From the first line to the last, copy the data exactly and drop the pictures.

DATA BELOW |
* * * * *
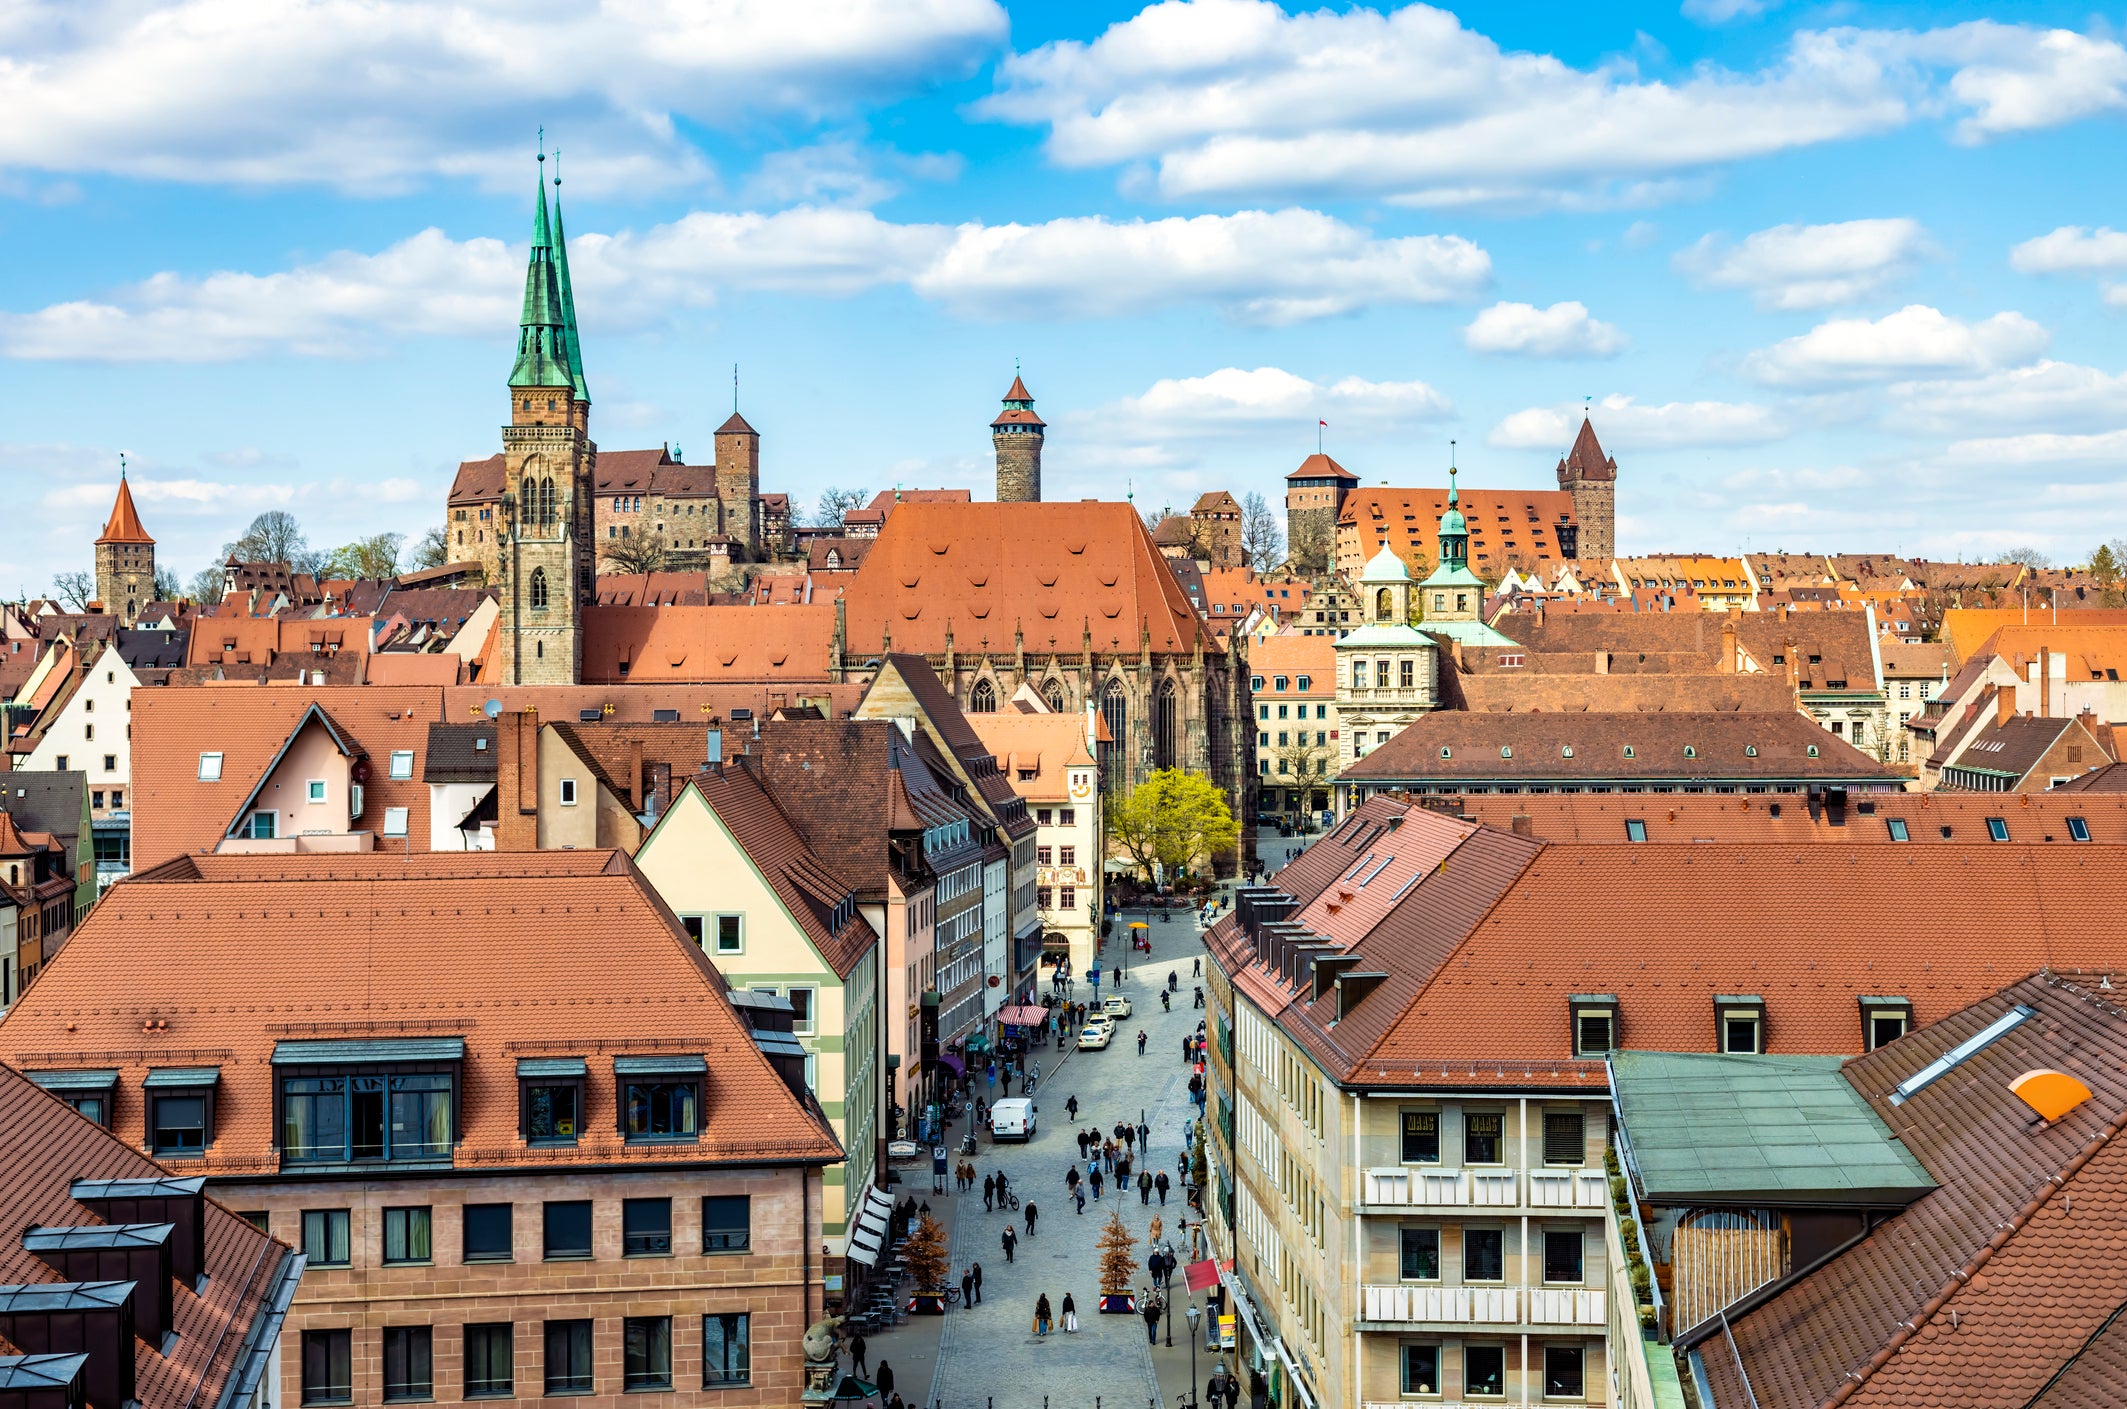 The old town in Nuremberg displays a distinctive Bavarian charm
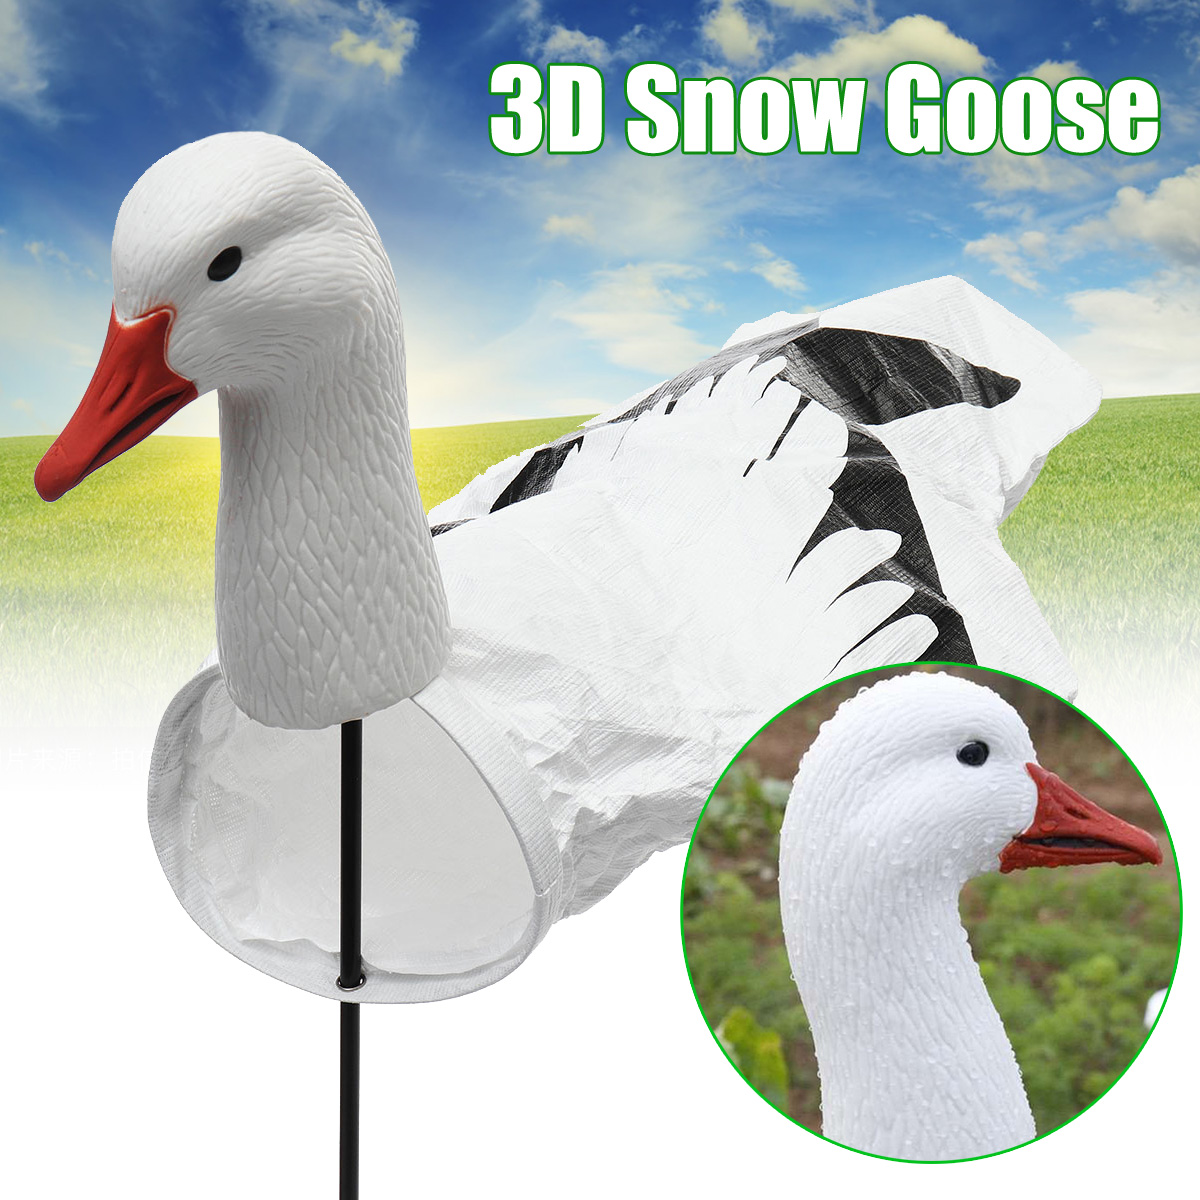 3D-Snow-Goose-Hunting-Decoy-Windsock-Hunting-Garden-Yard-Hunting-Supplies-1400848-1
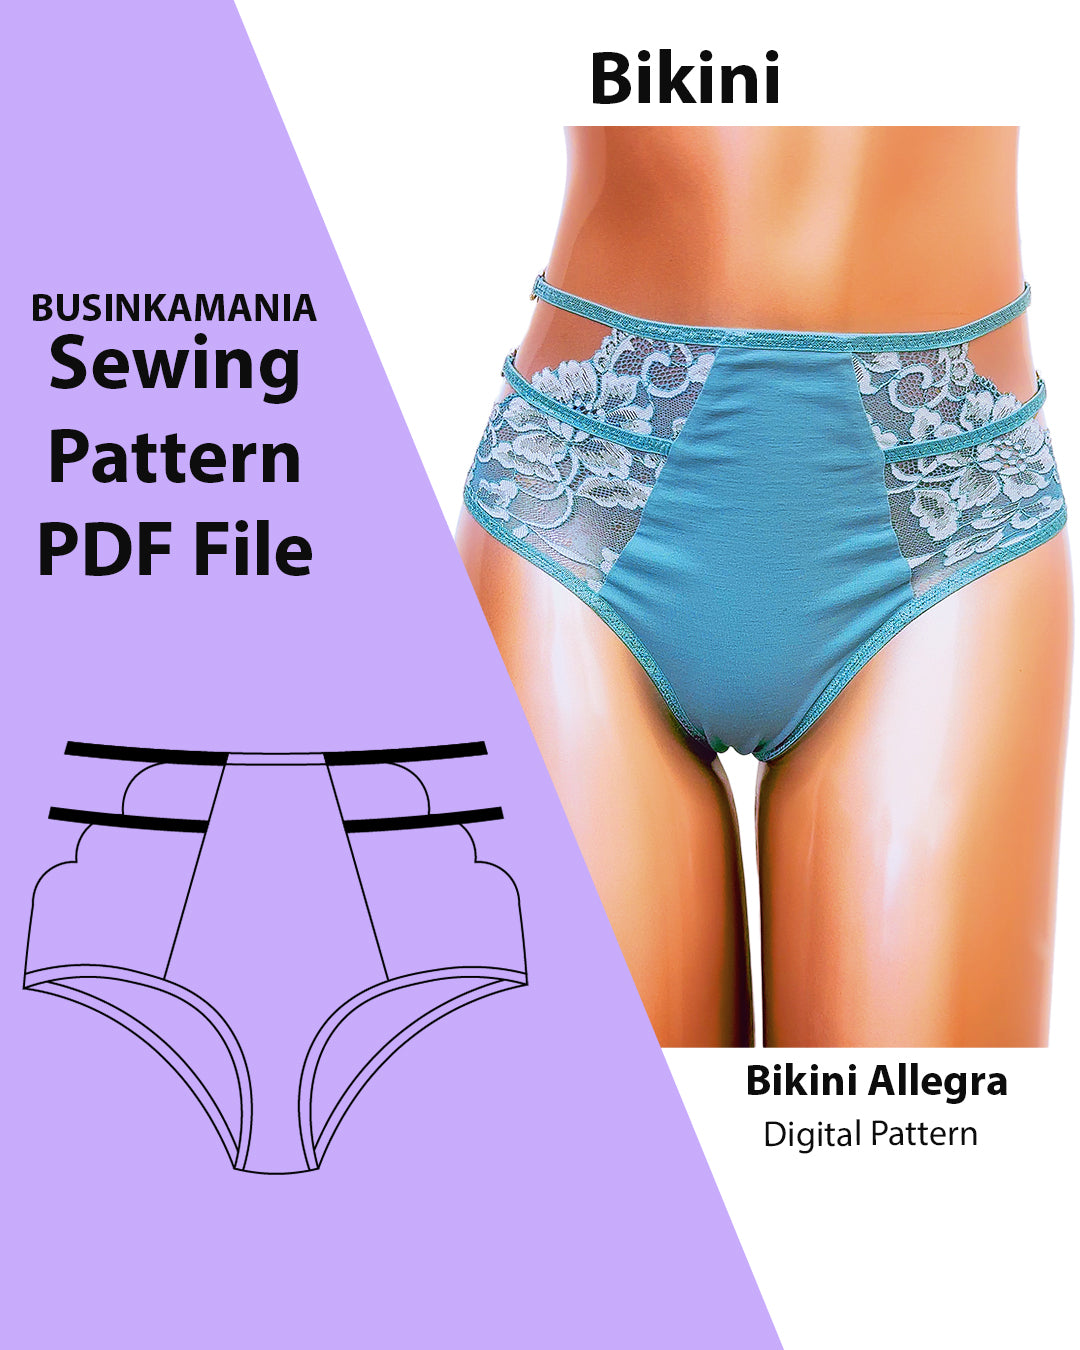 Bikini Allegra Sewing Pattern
* * * * *
RESPONSE |
 The old town in Nuremberg displays a distinctive Bavarian charm
 3D-Snow-Goose-Hunting-Decoy-Windsock-Hunting-Garden-Yard-Hunting-Supplies-1400848-1
 Bikini Allegra Sewing Pattern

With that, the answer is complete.